Зиновьевич. Утоли моя печали (2)

[1] [2] [3] [4]

И вечерние беседы "у камина" чаще всего были мирными воспоминаниями и размышлениями вслух о литературе, о живописи, о музыке... Солженицын говорил, что все в конечном счете может быть объяснено. Для этого необходима только сильная и опытная мысль. Он рассказывал, что его жена Наташа объясняла ему и Шопена, и Бетховена. И конечно же истолковывала все правильно, потому что она не только музыкантша - учится в консерватории, но еще и научный работник - химик, аспирантка.

- Как, и твоя жена химик? Еще одно совпадение...

Каждый из нас пытался убеждать других, что понимает музыку, и говорил, о чем именно он думает, что представляет себе, когда слушает... Но согласны мы были только в немногих случаях. Например, когда по радио передавали Мусоргского "Рассвет над Москва-рекой"... Тогда и мне казалось, что я так же, как оба друга - скептик и романтик, - не только слышу, но и вижу. Тихая утренняя река. Туман. Травянистые, глинистые откосы. В кустах поют птицы. Старая бревенчатая Москва. Колокольни, купола, крутые тесовые крыши темно-серые на синеве, первые петухи. Небо из синего становится зеленым, потом оранжевым, розовым, голубым... Голоса людей. Первый благовест... Утро!

Живописная музыка Мусоргского радовала вдвойне еще и тем, что была так объяснима.

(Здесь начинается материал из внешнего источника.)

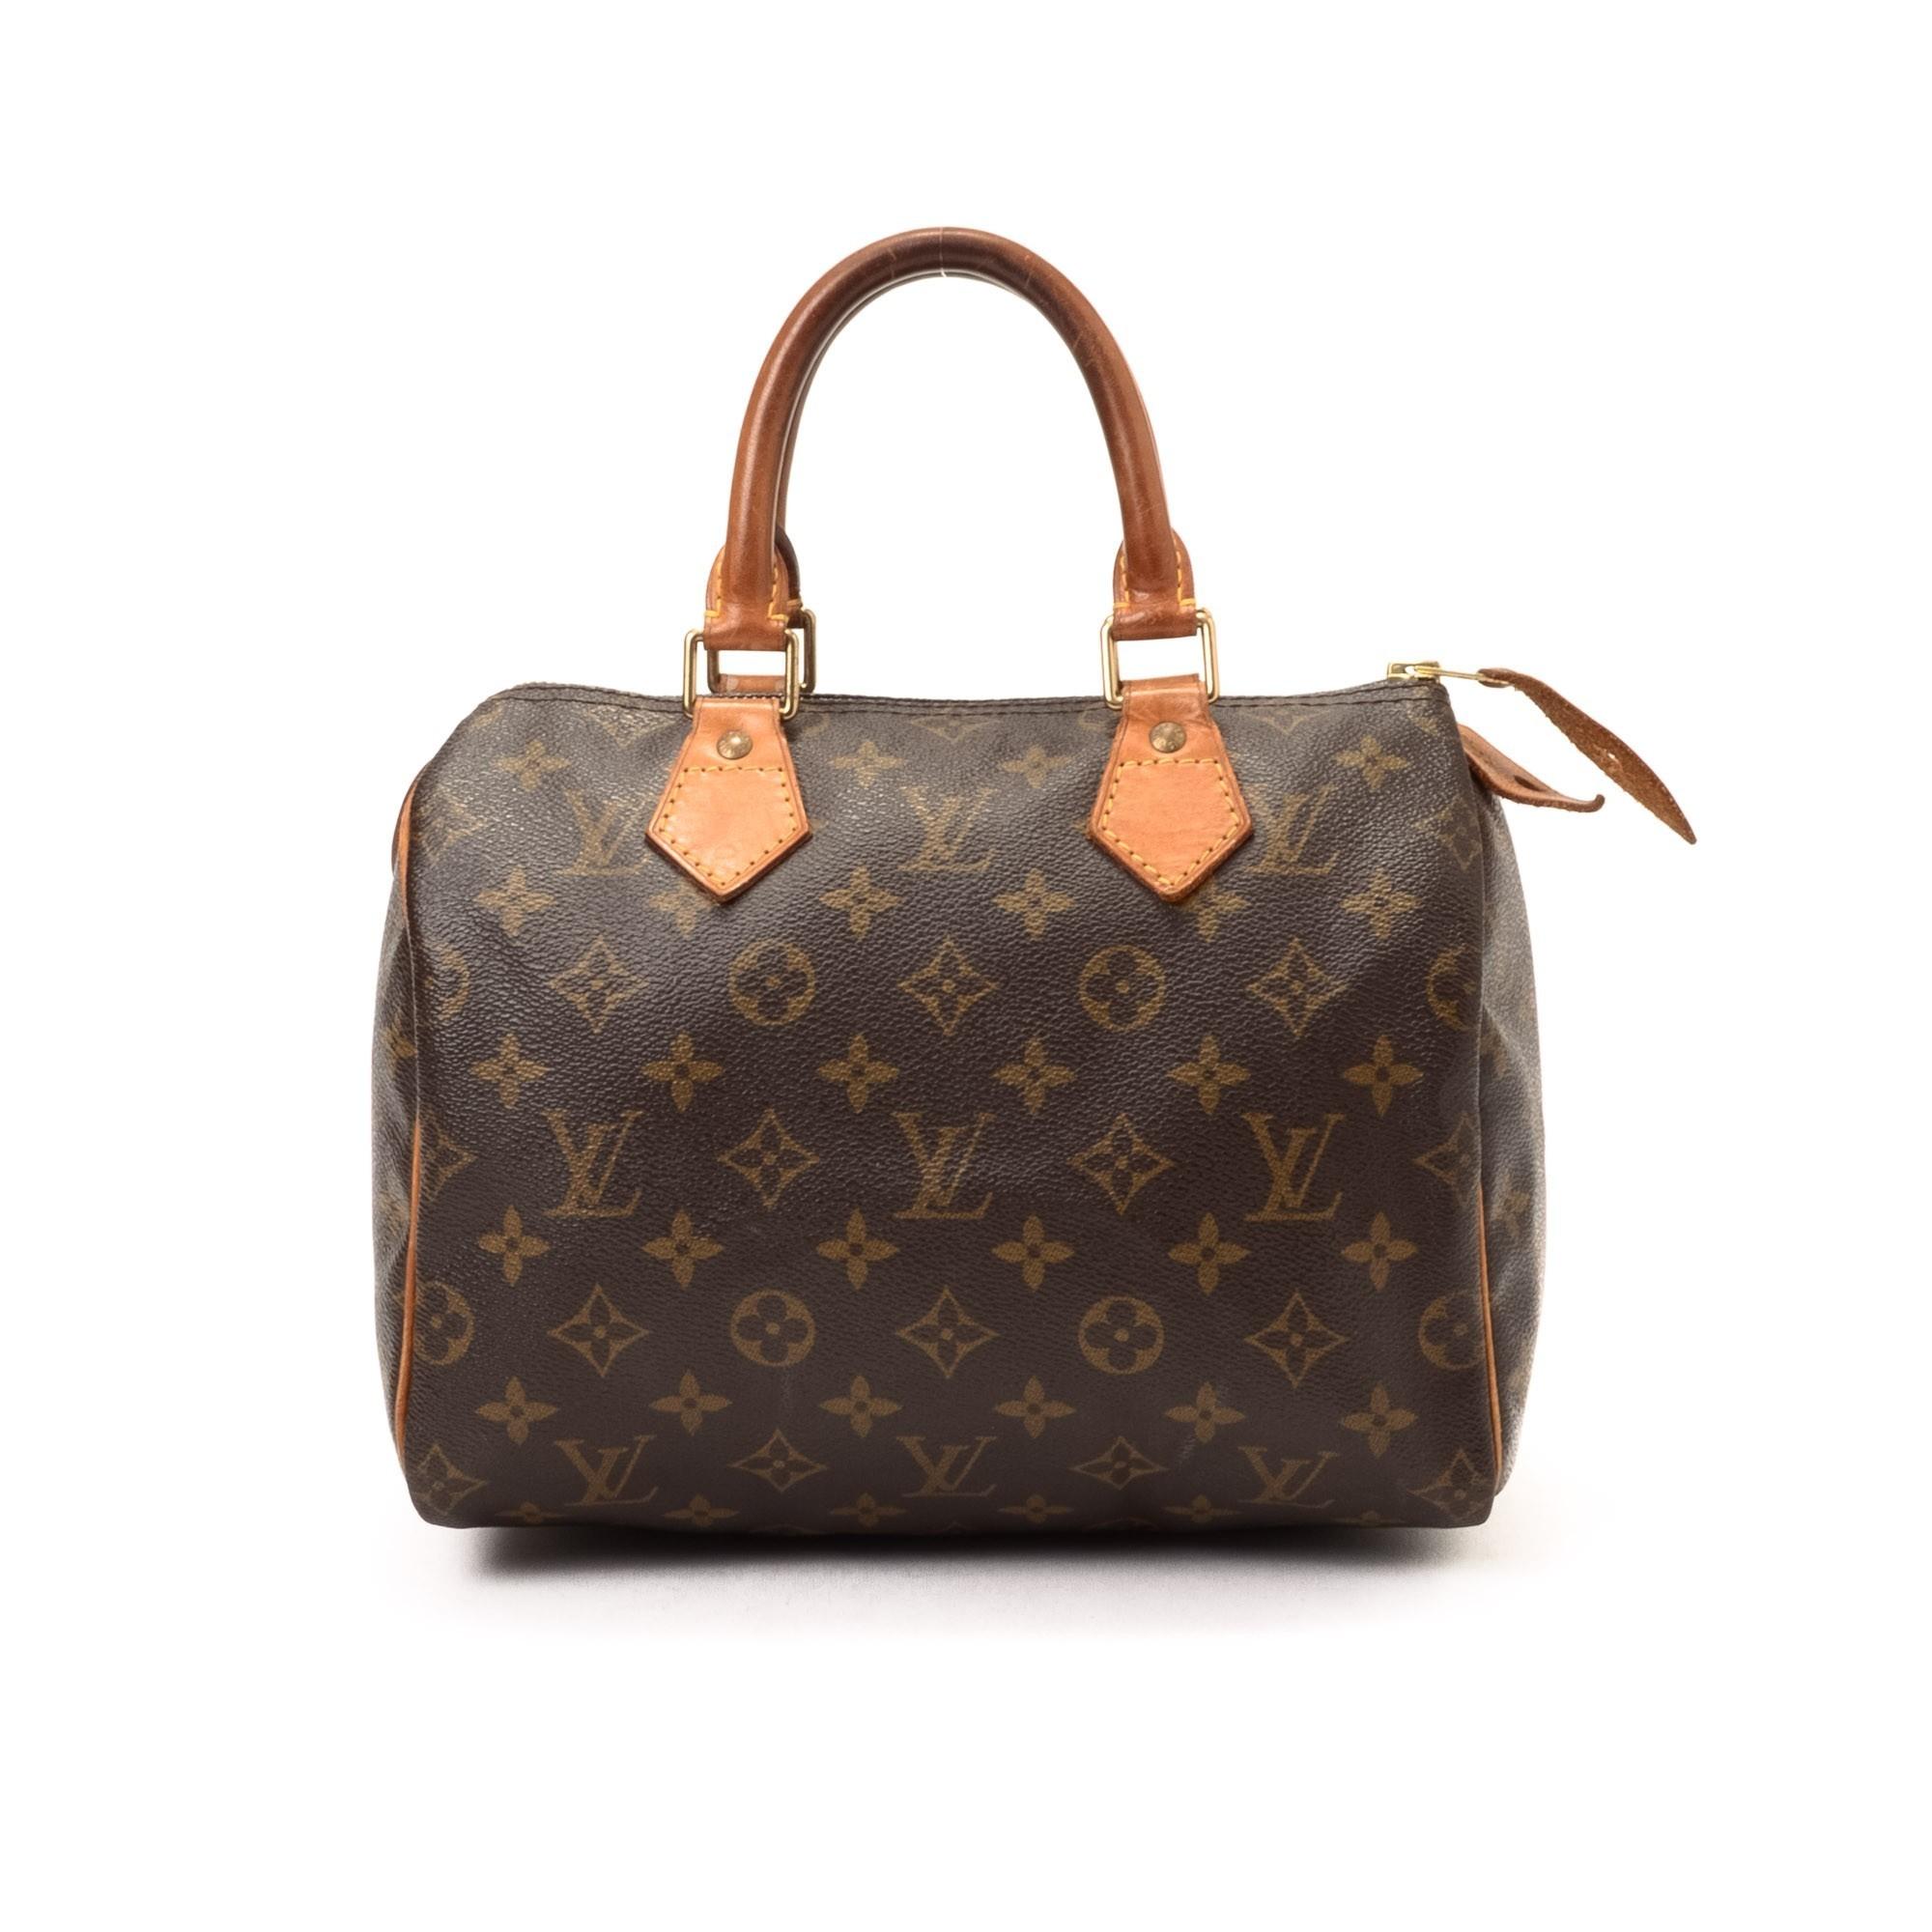 Луи витон сумки магазин киев

Библиотеку шарашки составляли отечественные и трофейные технические книги, немецкие, английские, французские, американские научные и технические журналы. Из-за какой-то путаницы в министерском коллекторе или на почте несколько раз присылали нашей шарашке американские военные журналы: "Ежемесячник полевой артиллерии", "Журнал береговой артиллерии", "Журнал зенитной артиллерии", "Авиация" и др. Их никто не цензуровал, и в некоторых попадались весьма занятные статьи на политические темы, например, Фуллера - о перспективах третьей мировой войны. Я пересказывал их друзьям. Неведомо как оказалось несколько книг по философии, истории, языкознанию. И даже кое-что из беллетристики.

Переводить мне приходилось много. Но скоро я набил руку и легко перевыполнял норму - один печатный лист за 4 рабочих дня. Больше всего переводил немецкие и английские, реже французские, голландские, чешские тексты. Главным образом на темы радиотехники. К концу зимы я уже читал и переводил без словарей. Оставалось время для иных, посторонних занятий, которые мы называли "тренировкой для повышения квалификации" в тех случаях, когда кто-нибудь из начальников заглядывал через плечо и видел необычные книги и записи.

Панин вечерами, сосредоточенно безмолвствуя у своего кульмана, размышлял о новых способах ковки либо подбирал слова для "языка предельной ясности". Однажды он сказал, что решил признать диалектику Гегеля, которую именовал "учением о противоречиях". По его рассказам, произошло это неожиданно для него самого и так же решительно, как в лагере, когда он внезапно признал Маяковского.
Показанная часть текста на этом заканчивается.